Pour le théologien tchèque Tomáš Halík, les croyants ont un rôle urgent à jouer

dans la lutte contre le fondamentalisme et le fanatisme

Tomáš Halík    République tchèque    18 novembre 2020

 

Qu'est-ce que les groupes suivants ont en commun ?

                    - Les terroristes promulguant des slogans religieux,

                    - Les partisans chrétiens de Donald Trump,

                    - Les radicaux pro-vie,

                    - Les adversaires catholiques du pape François qui lui envoient des corrections « filiales »,

                    - Les groupes prétendant défendre l'homme blanc hétérosexuel,

                    - Jarosław Kaczyński cherchant à faire de la Pologne un pays catholique autoritaire.

 

Examinons-les de plus près.

Les terroristes affirmant leur allégeance à l'Islam et proclamant des slogans religieux sont l'exemple le plus flagrant, le plus connu et le plus dangereux de pathologie religieuse.

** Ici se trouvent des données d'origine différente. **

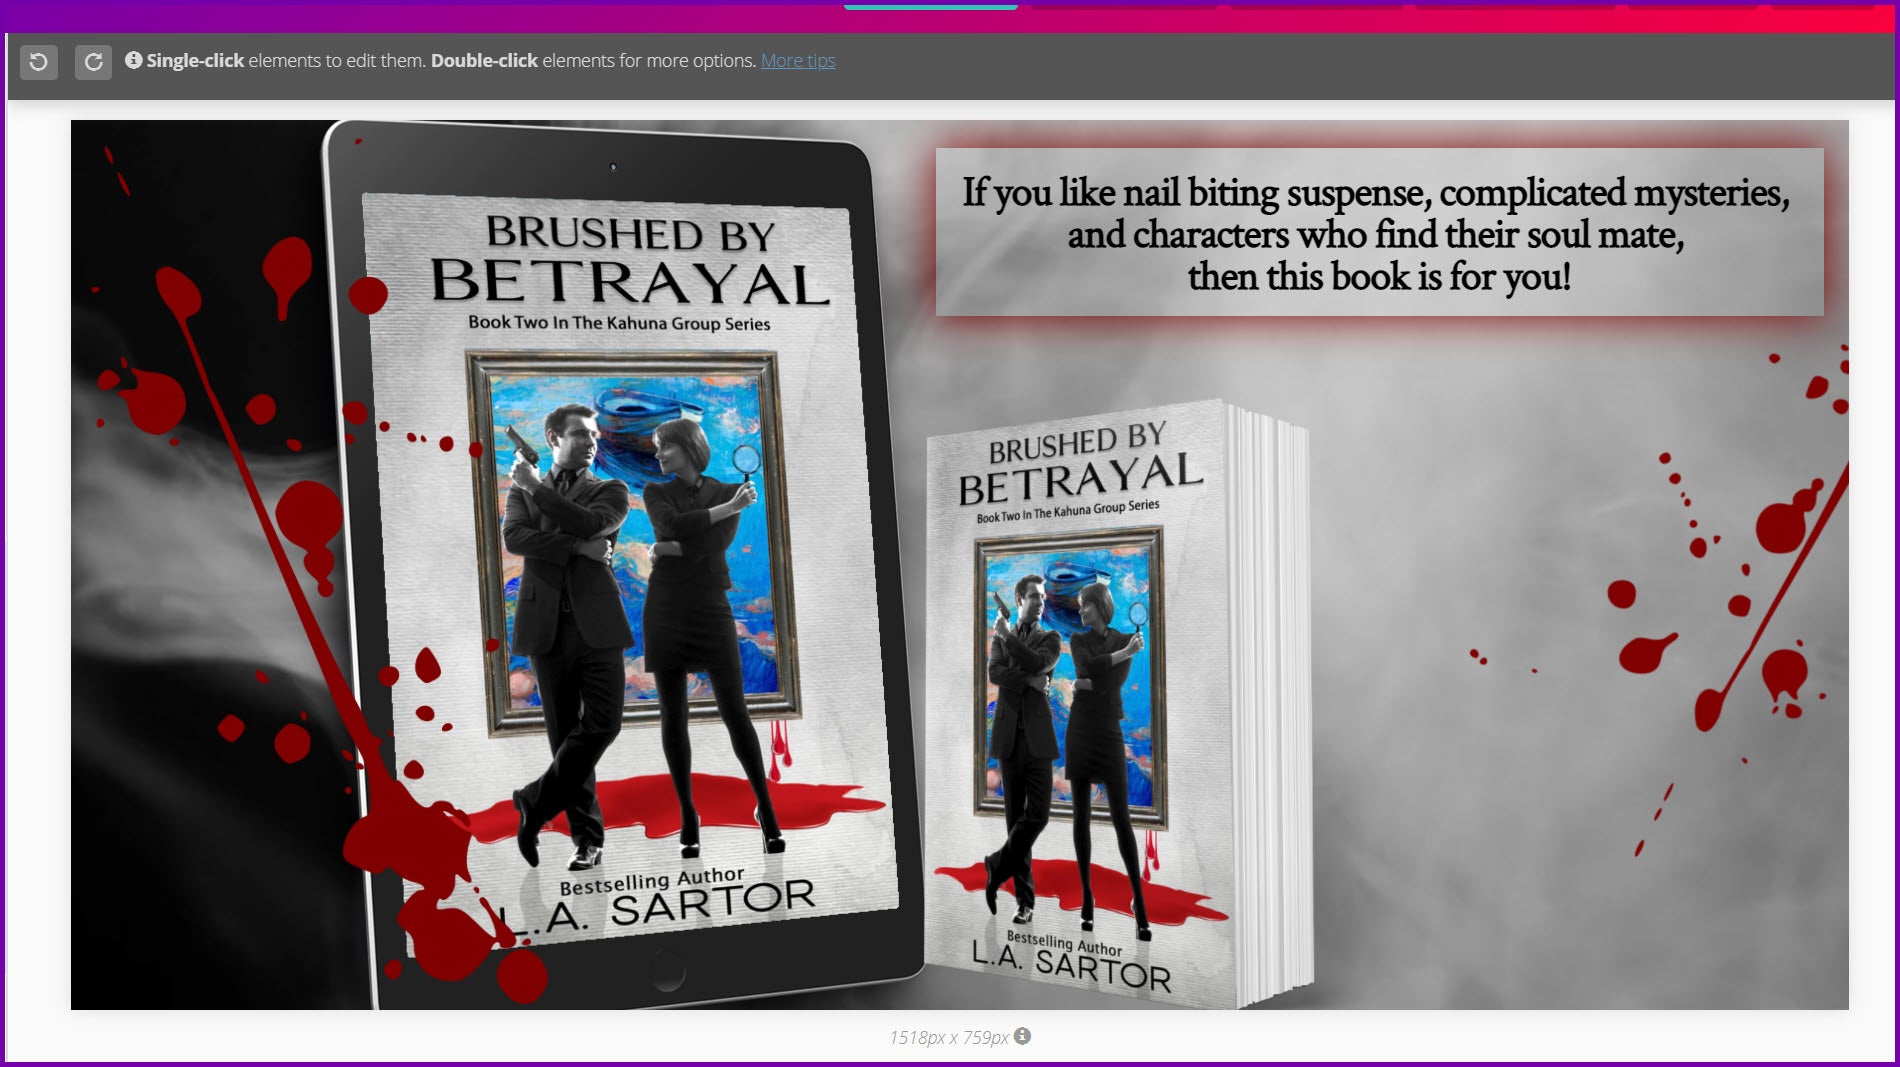 The designed ad for L.A. Sartor's Brushed By Betrayal suspense with books and blood splatters laid out as wanted

Ils ignorent totalement les principes éthiques de l'Islam, sortant de leur contexte des citations de ses écritures sacrées et en abusant pour diffuser la haine et la violence.

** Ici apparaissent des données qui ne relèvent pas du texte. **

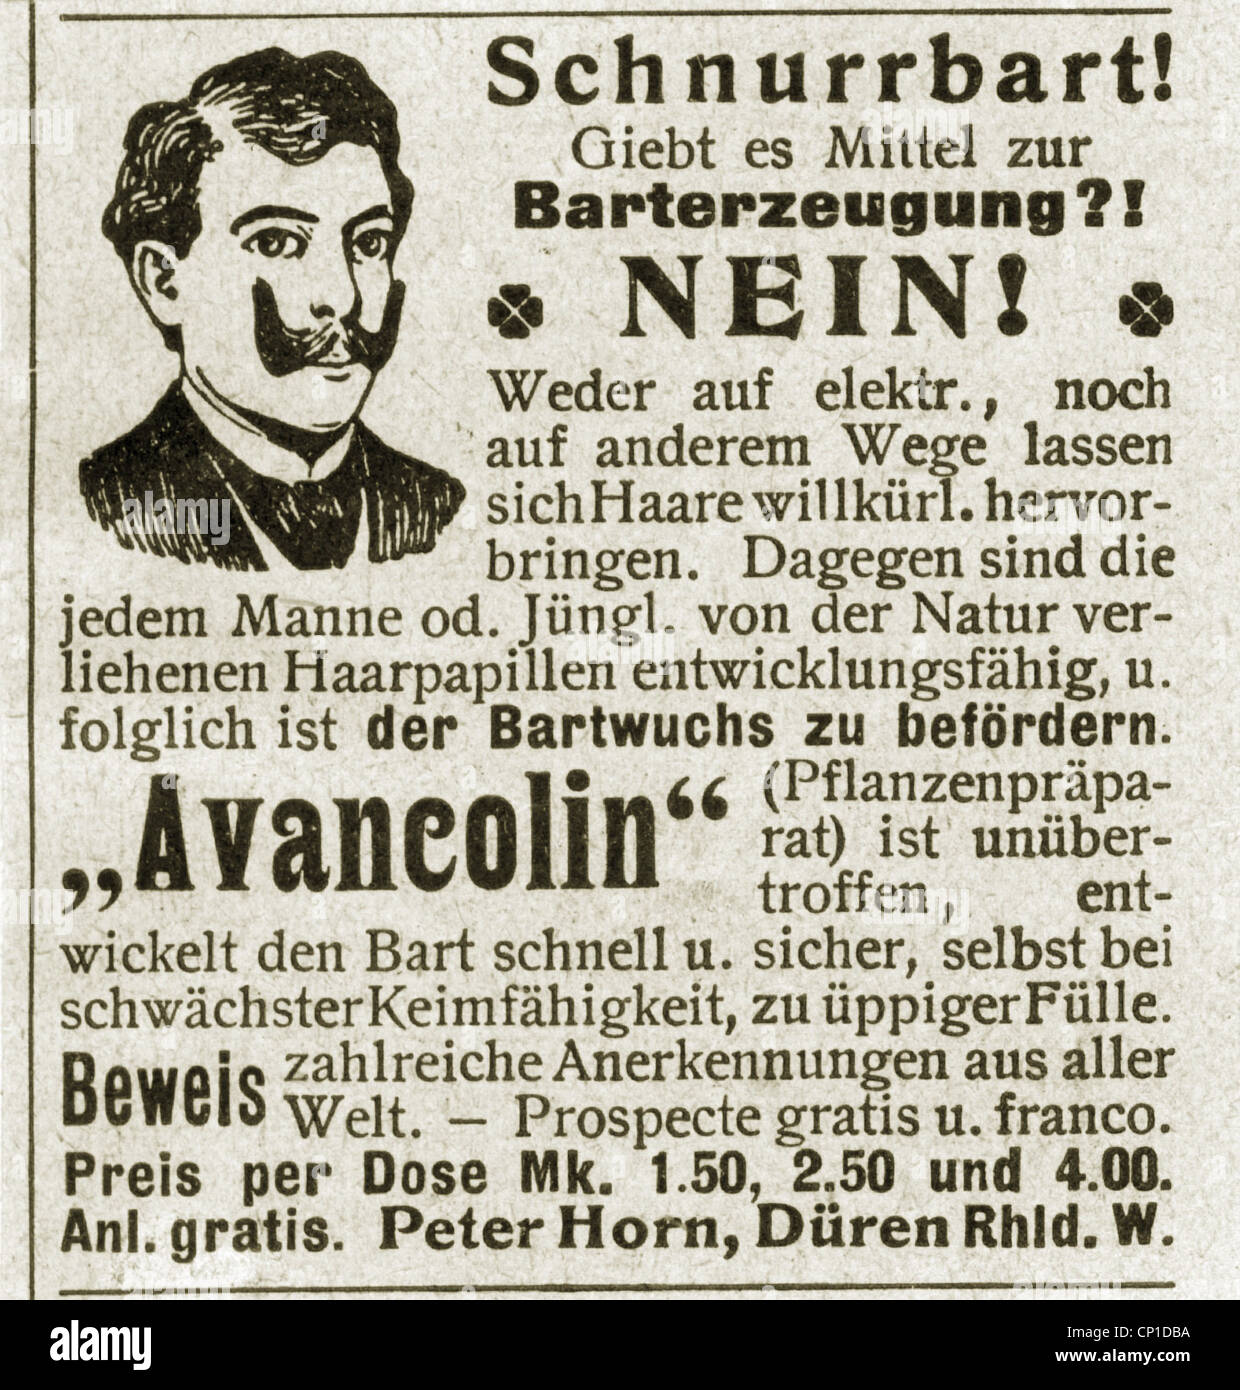 advertising, cosmetics, advertisement, beard hair growth tonic "Avancolin", by Peter Horn, Dueren, Germany, "Die Woche", No. 45, 30.11.1901, Additional-Rights-Clearences-Not Available Stock Photo

Trump et les radicaux pro-vie

Les chrétiens qui soutiennent Donald Trump ignorent totalement le fait qu'il est un politicien populiste immoral dont toute la vie personnelle, les actions et le comportement contredisent les principes du christianisme. Se contentant de sa rhétorique anti-avortement, ils sont prêts à le suivre et à le soutenir aveuglément alors qu’aucun politicien n'est un messie.

Quand des hommes politiques se prétendent sauveurs une tâche prophétique de l'Église est de leur opposer une critique constructive et de désacraliser leurs personnages. L'Église doit  nous rappeler constamment qu'ils ne sont que des êtres humains avec leurs forces et leurs faiblesses.

Certains radicaux pro-vie ignorent que la criminalisation de l'avortement n'est ni la seule, ni la plus appropriée des manières de protéger la vie des enfants à naître. Par exemple, le durcissement de la loi actuelle sur l'avortement en Pologne va probablement conduire à un tourisme de l'avortement des femmes polonaises vers les pays voisins ainsi qu'à des avortements dangereux à domicile. La législation en vigueur dans la plupart des pays européens n'oblige personne à se faire avorter.

Le courage des parents qui sont prêts à accepter un fœtus souffrant de graves problèmes de santé et à s'occuper en permanence d'un enfant gravement handicapé représente un acte de bravoure morale admirable. Néanmoins, personne ne peut être forcé à la bravoure, surtout pas par des moralisateurs qui « lient de pesants fardeaux et les mettent sur les épaules des hommes alors qu’eux-mêmes se refusent à les remuer du doigt » (Mt 23, 4).

Les défenseurs de la vie à naître devraient plutôt se concentrer sur l'assistance pratique aux mères célibataires et aux familles ayant des enfants gravement handicapés.

Les critiques du pape et les défenseurs de l'homme blanc hétérosexuel

Les adversaires du pape François qui lui envoient des corrections « filiales » ne sont clairement pas des terroristes ou des fanatiques religieux. Ils comptent souvent parmi des chrétiens bons et justes. Ils se préoccupent de l'identité de la foi catholique interprétée comme un système de déclarations doctrinales immuable et hors de l’histoire. Ce système est cohérent en soi, mais s'effondre comme un château de cartes lorsqu'il est exposé à la réalité de la vie. Ces personnes adhèrent au type de religion légaliste auquel Jésus s'est opposé toute sa vie.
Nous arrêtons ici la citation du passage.